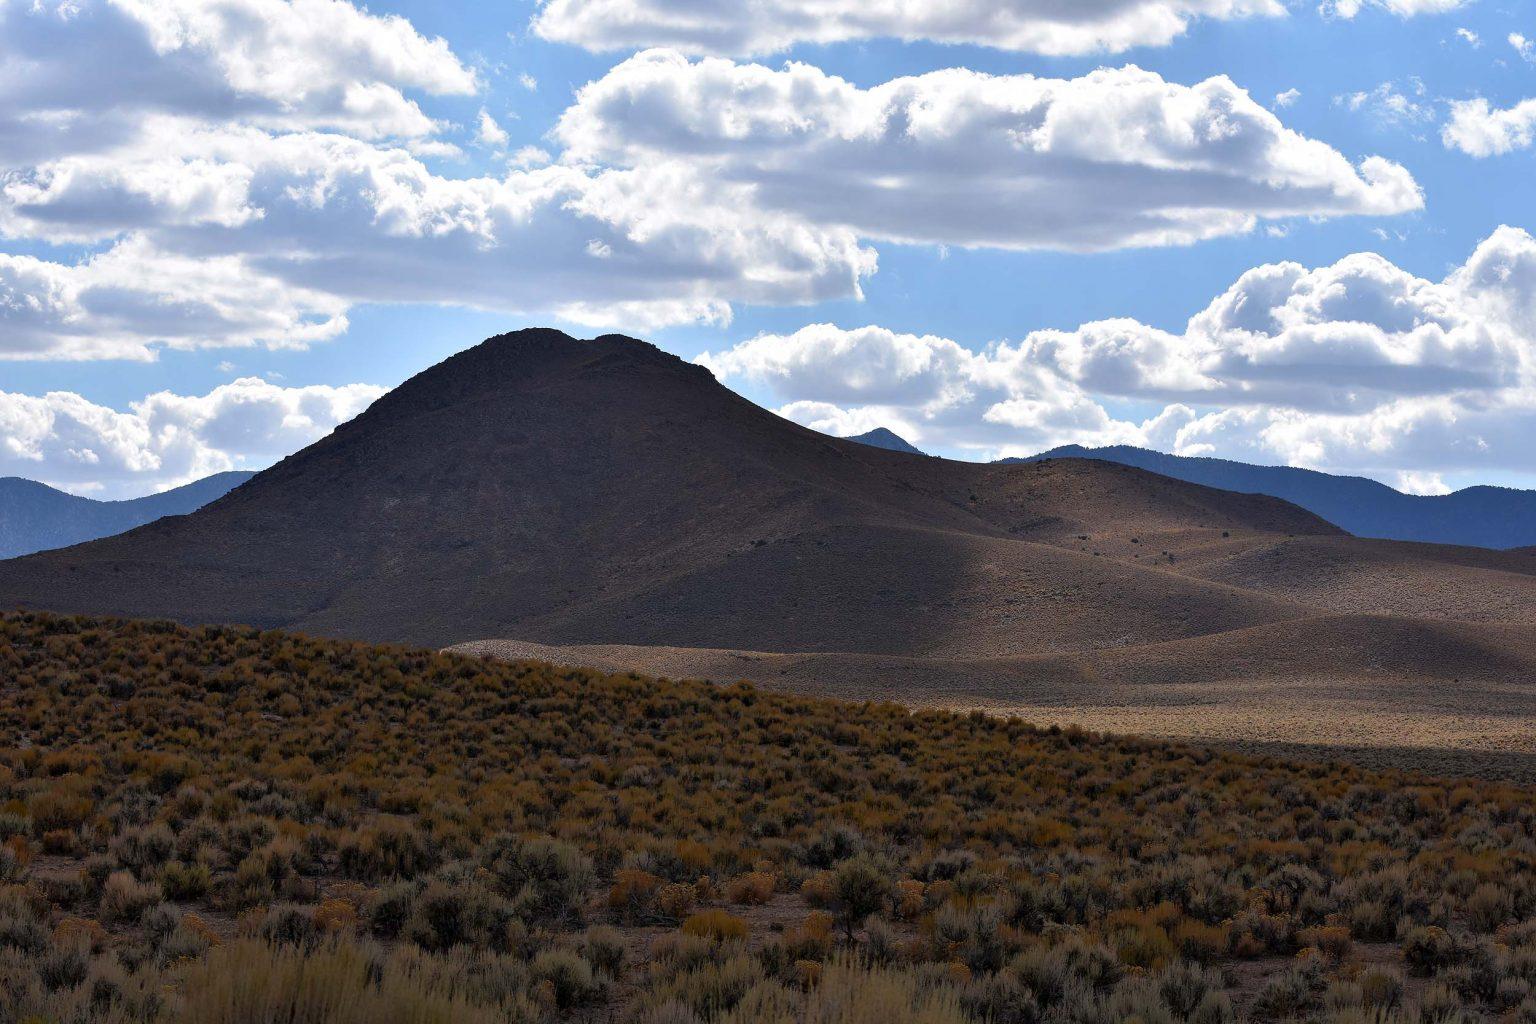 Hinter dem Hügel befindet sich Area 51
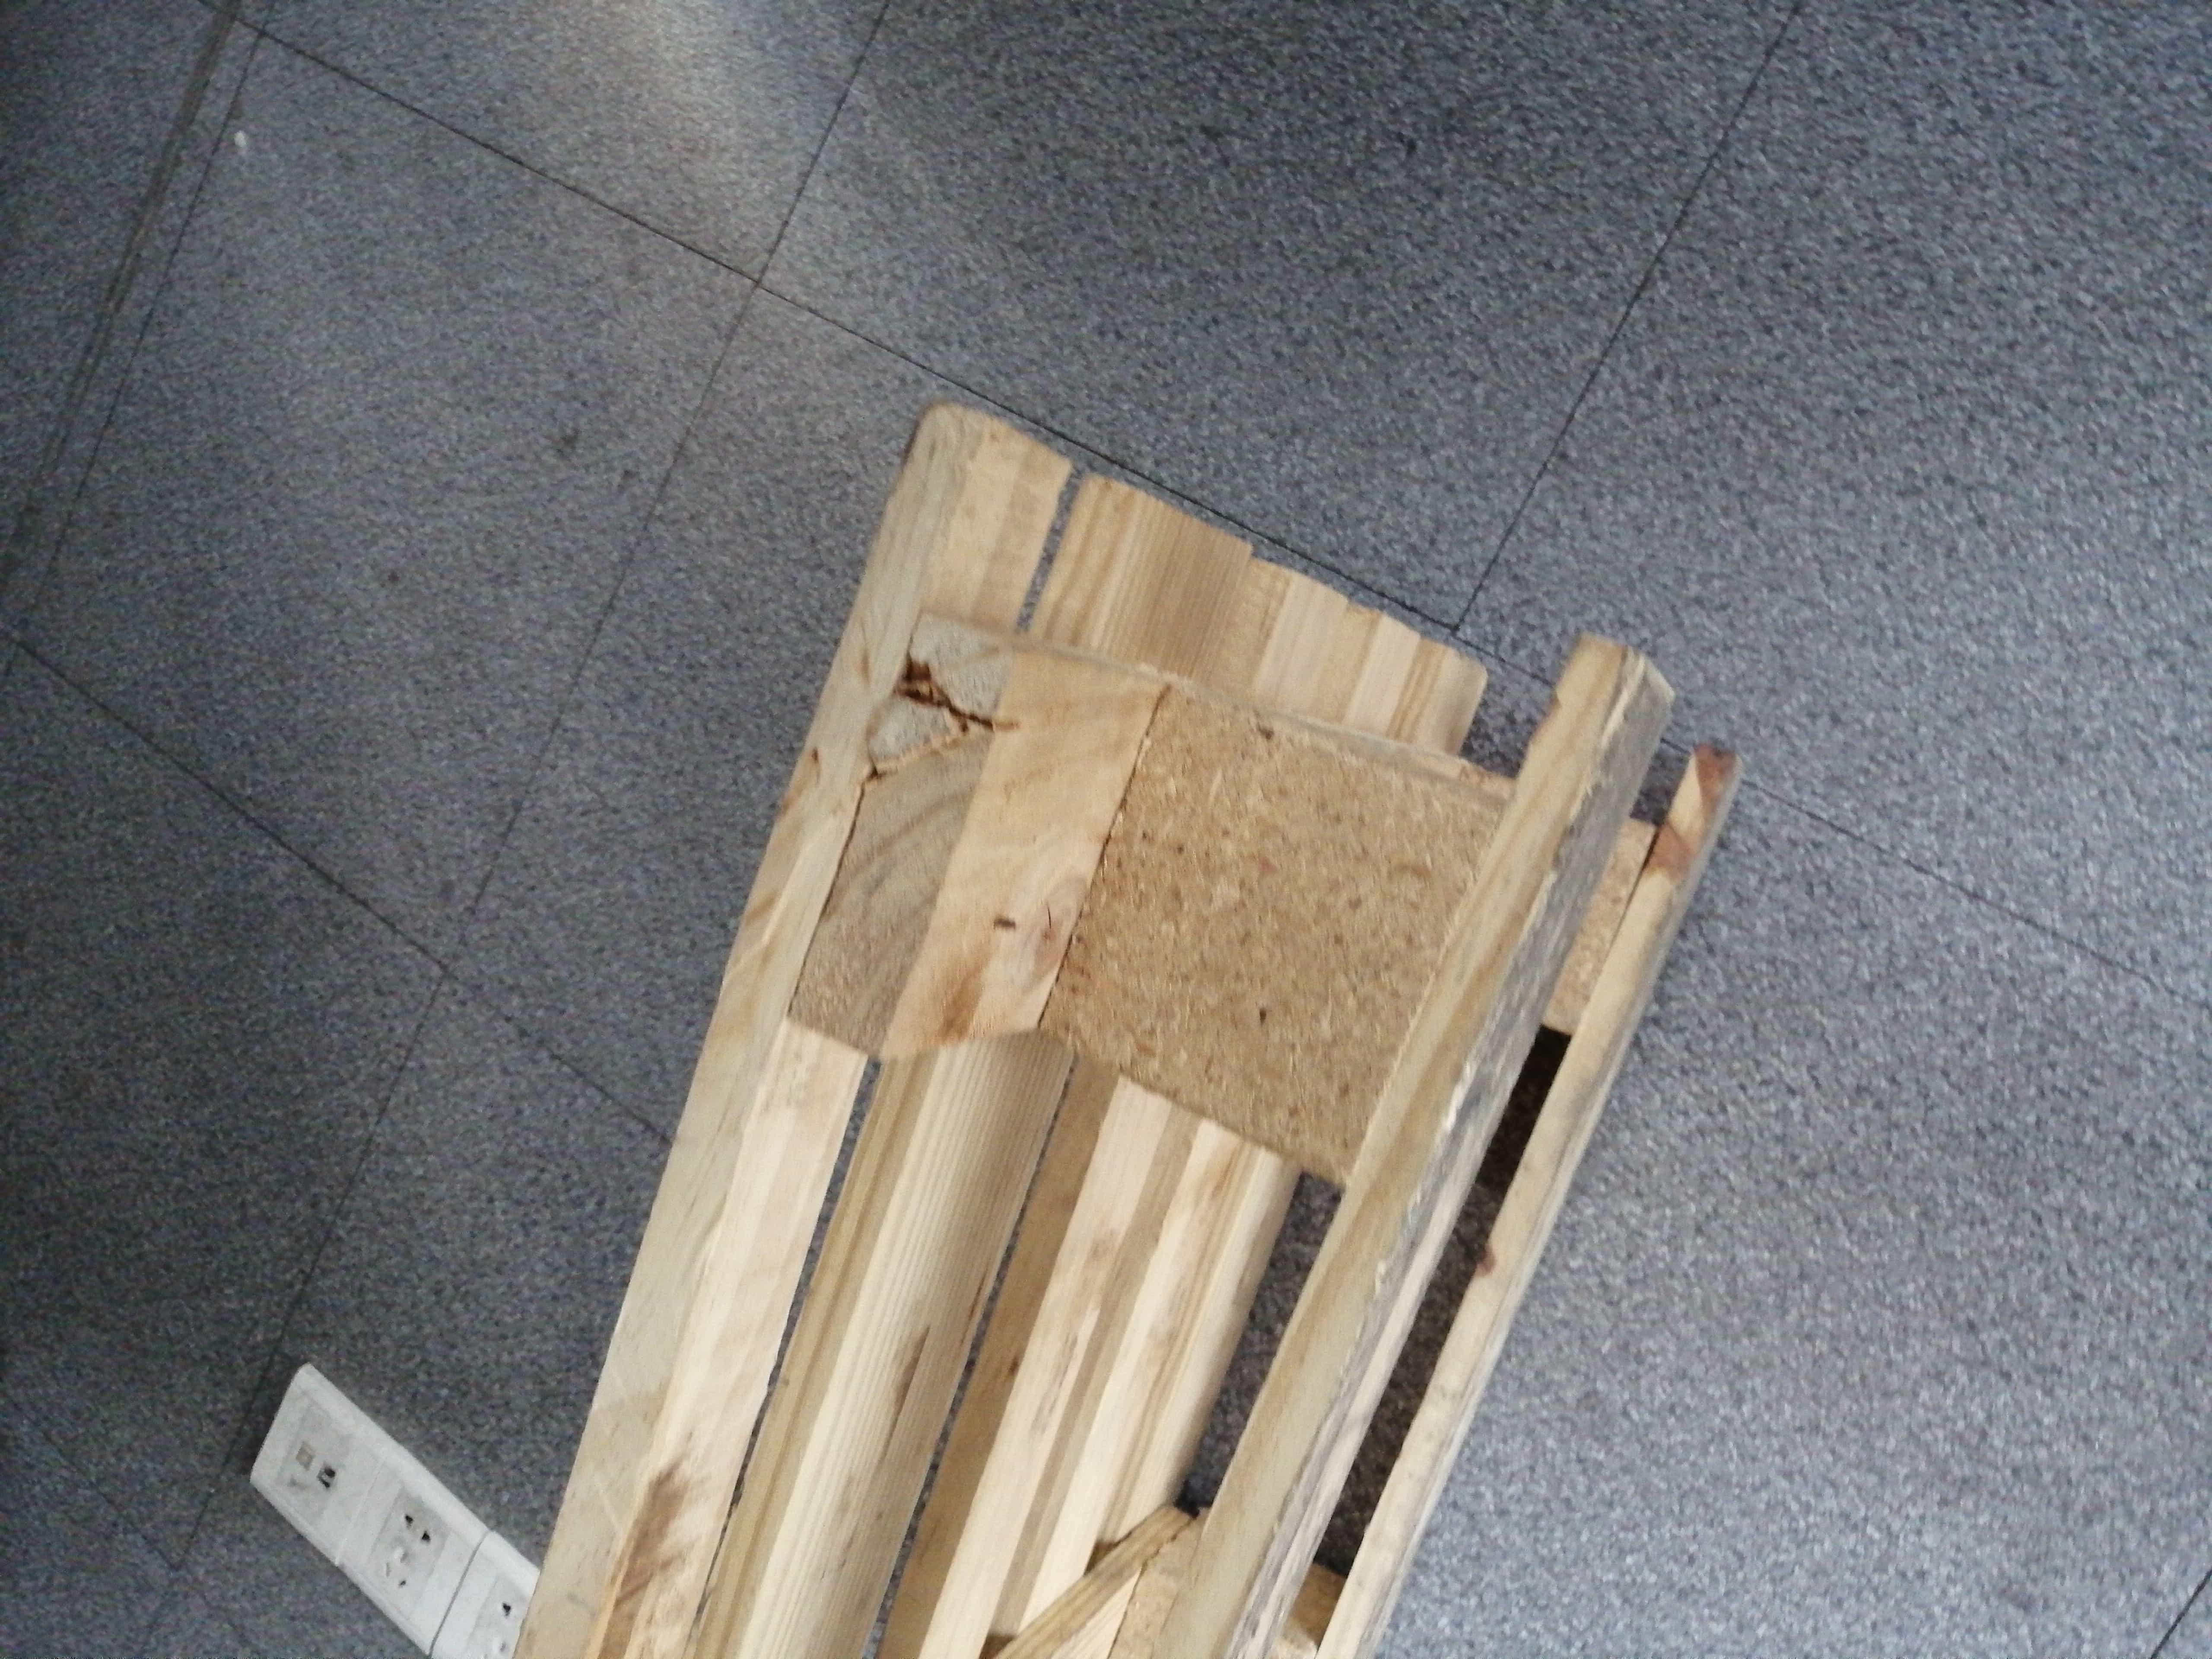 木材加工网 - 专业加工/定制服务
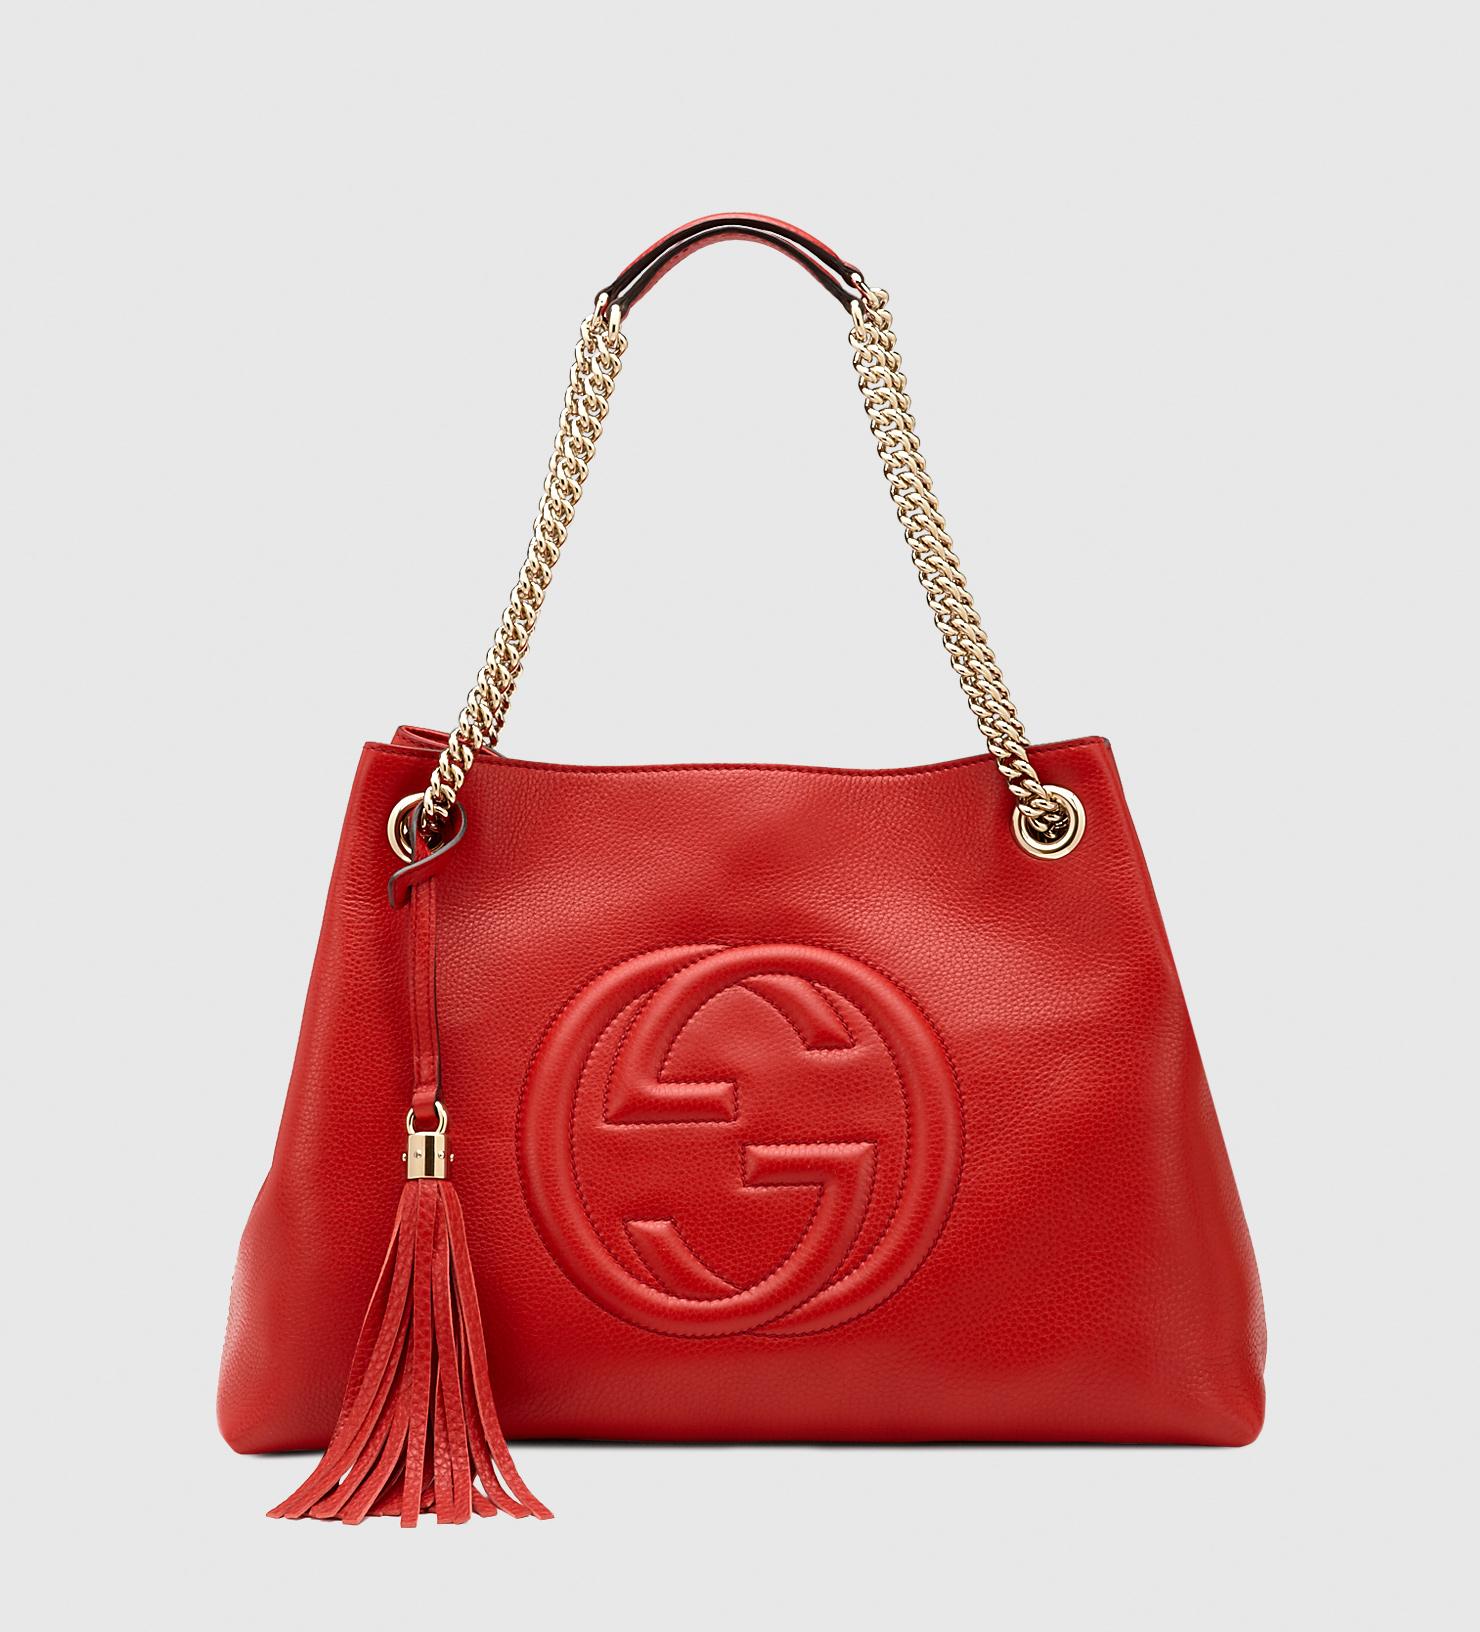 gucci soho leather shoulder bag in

**Instructions for the task**. Transcribe the listing exactly, skipping pictures.

**Reply to the task**.
 Hinter dem Hügel befindet sich Area 51
 木材加工网 - 专业加工/定制服务
 gucci soho leather shoulder bag in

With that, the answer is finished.